He calls it the “yes | no | yo” solution. 

* The Enforcement Directive: the big problem to solve is the issue of
rights against access providers.  There’s an express regulation
that says that the access providers could be liable and must turn over
information to the content owners.  The courts are empowered to determine what is equitable.

* He critiques a Lithuanian and Slovenian statute that “protects”
creators by providing for equitable remuneration for creators when she
or he makes a licensing arrangement with large companies.  The
courts, unfortunately from his perspective, are empowered to make these
decisions about what is “equitable.”

* The software patent debate: “exhausting.”  He contends that the
threats of copyright and trademark protection are greater than patent
protection, because of the longer terms.

* Unfair trade: the mistake is an easy one.  The Directive on
Certain Legal Aspects of E-Commerce sets up a race to the bottom
problem because of the manner in which the “country of origin”
provision works.

* Digital Evidence: Every electronic document can be manipulated.  There are more
than 20 decisions from across Europe that say that e-mails do not have
evidential value.  The answer of the EU: to use digital
signatures, backed up by a new directive.  The requirement is very
high in order to meet the standard for parity in evidence with a
written deed: a “qualified signature”, which no one has.
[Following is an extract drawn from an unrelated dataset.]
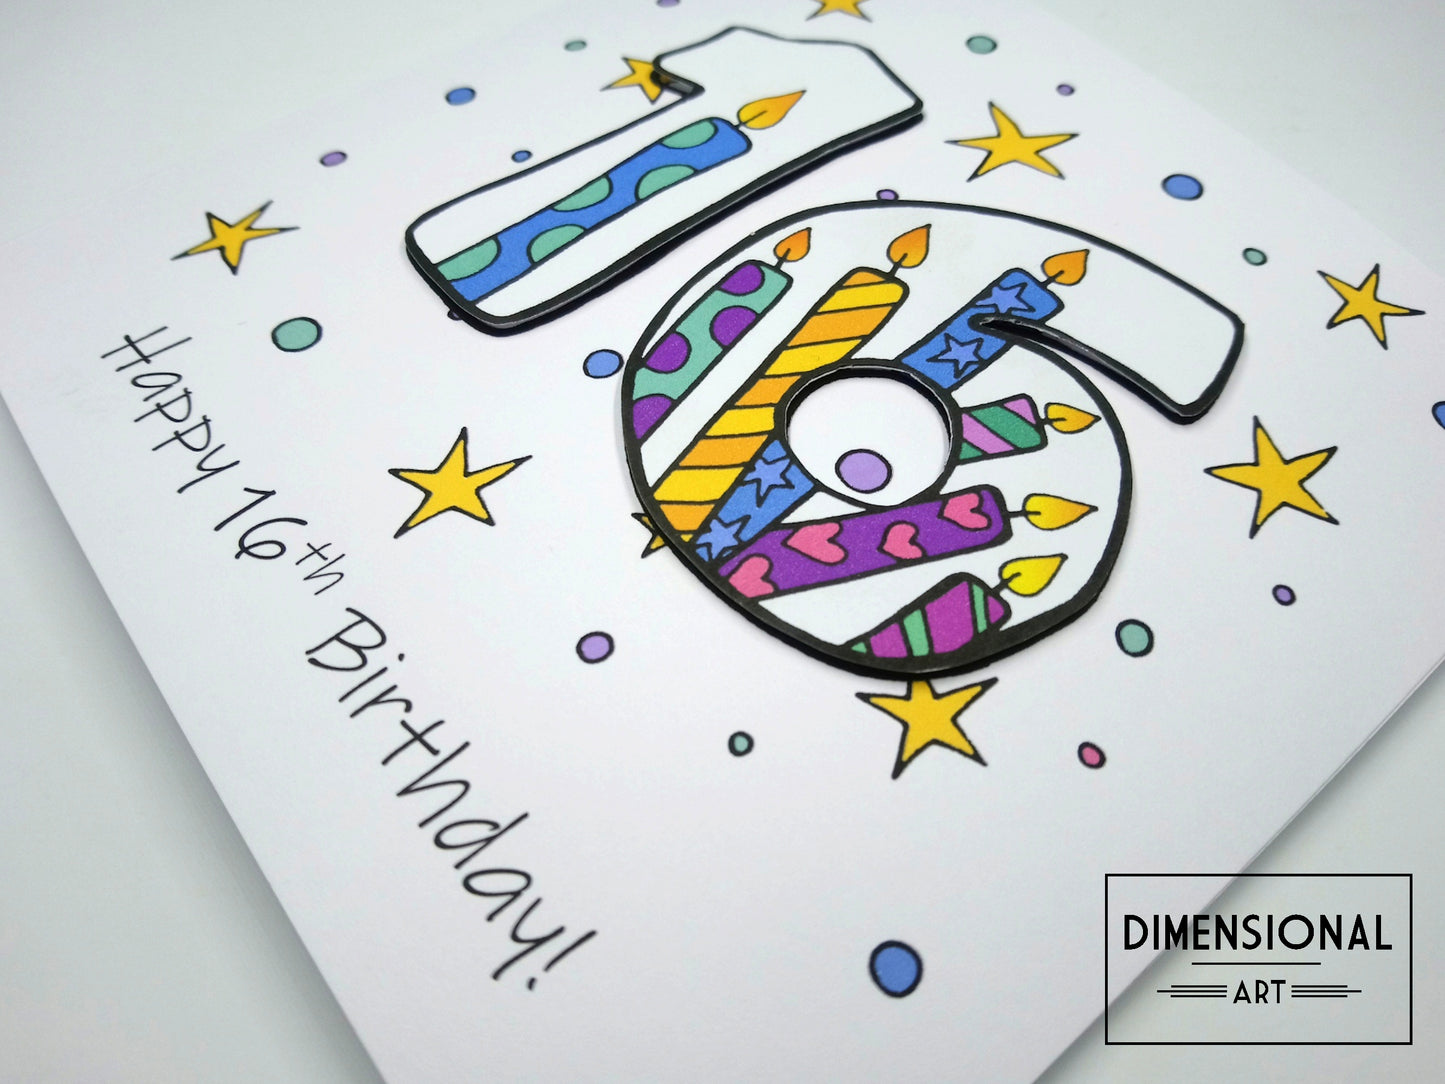 16th Number Candles Birthday Card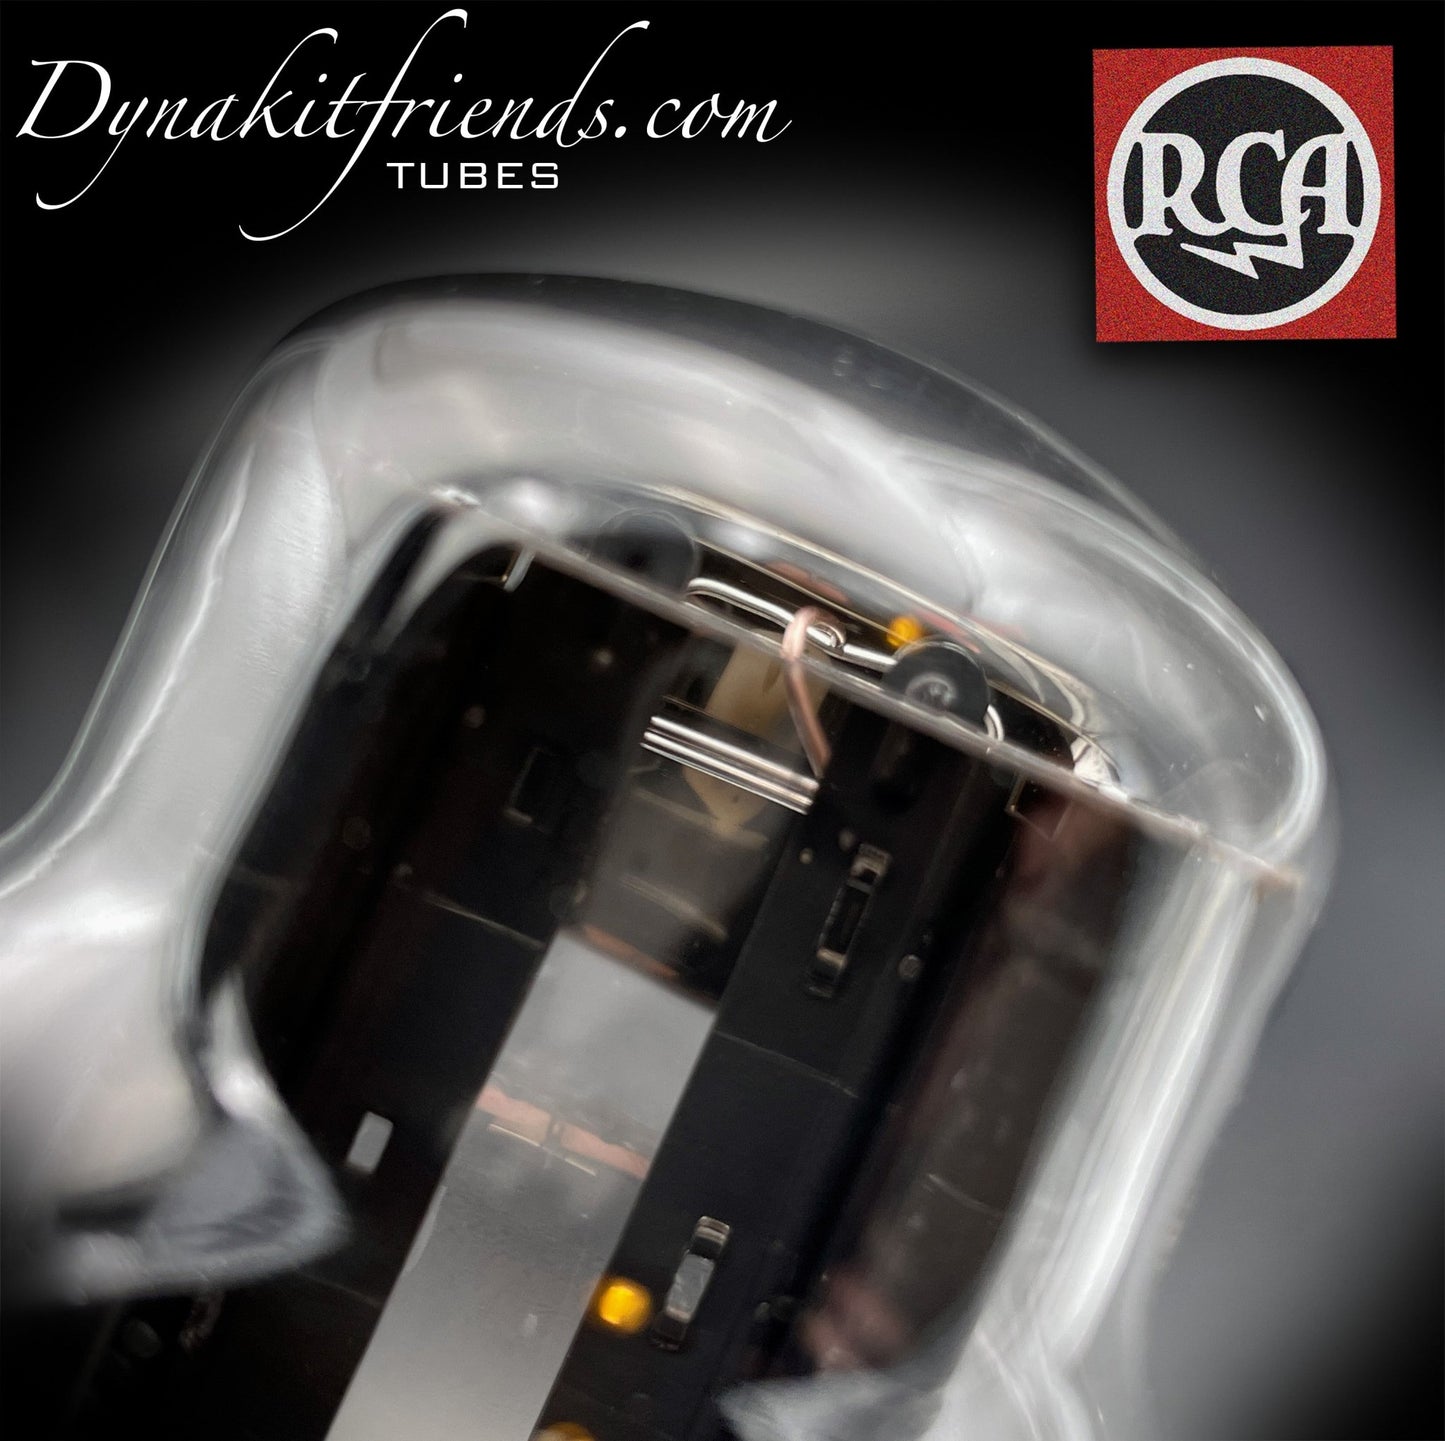 5Z3 ( VT-145 ) RCA Black Plates Top [] Getter Tube Rectifier Made in USA - Vacuum Tubes Treasures

* He’s very interested in what the right liability scheme for
intermediaries should be.  The last of the examples, this
liability regime topic, pits at least two possibilities against one
another: 1) the notice-and-takedown approach of the US’s DMCA and 2)
the alternative strategy of constructive knowledge.  It maps also
to the current debate in the US over the Grokster litigation, at a high
level, about what sort of a secondary liability regime (here, in
copyright), is optimal?

* Internet governance does not mean very much, he says.  In part,
because the term “internet” has been replaced by “information.” 
And no one has figured out what “information governance” means yet.

“Just as important as Grokster”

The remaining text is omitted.